### Required work:
Given the entries that follow, write out exactly the lines starting at the one containing "Đảng viên Trần" and ending at the one containing "Do Hospitals Provide Towels?", both ends included, and only those.
┌──
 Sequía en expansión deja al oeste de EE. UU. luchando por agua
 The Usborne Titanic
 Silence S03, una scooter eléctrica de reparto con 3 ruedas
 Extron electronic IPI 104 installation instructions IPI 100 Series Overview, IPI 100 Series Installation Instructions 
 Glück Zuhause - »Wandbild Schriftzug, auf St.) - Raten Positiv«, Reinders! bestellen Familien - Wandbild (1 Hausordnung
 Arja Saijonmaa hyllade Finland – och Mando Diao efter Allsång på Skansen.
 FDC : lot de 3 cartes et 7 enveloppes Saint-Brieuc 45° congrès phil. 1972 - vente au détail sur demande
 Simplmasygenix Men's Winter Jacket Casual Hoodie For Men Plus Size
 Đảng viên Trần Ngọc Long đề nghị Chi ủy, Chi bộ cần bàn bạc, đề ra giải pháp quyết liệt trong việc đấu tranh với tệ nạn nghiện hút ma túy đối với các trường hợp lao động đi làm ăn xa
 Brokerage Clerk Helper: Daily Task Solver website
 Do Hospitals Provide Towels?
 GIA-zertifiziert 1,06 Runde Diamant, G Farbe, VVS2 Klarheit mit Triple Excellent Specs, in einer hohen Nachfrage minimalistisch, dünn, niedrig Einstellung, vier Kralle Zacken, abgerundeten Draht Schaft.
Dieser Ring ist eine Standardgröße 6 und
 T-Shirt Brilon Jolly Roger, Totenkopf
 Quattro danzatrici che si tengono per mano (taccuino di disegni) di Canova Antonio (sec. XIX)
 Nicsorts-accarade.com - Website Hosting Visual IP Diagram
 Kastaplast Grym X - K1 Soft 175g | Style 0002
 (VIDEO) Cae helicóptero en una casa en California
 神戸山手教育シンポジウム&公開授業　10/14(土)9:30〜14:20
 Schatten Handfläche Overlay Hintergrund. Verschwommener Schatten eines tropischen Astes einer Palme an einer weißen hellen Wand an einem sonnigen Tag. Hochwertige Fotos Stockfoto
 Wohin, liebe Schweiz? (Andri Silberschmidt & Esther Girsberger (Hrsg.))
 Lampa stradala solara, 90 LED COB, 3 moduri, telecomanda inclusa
└──
### Exercise result:
 Đảng viên Trần Ngọc Long đề nghị Chi ủy, Chi bộ cần bàn bạc, đề ra giải pháp quyết liệt trong việc đấu tranh với tệ nạn nghiện hút ma túy đối với các trường hợp lao động đi làm ăn xa
 Brokerage Clerk Helper: Daily Task Solver website
 Do Hospitals Provide Towels?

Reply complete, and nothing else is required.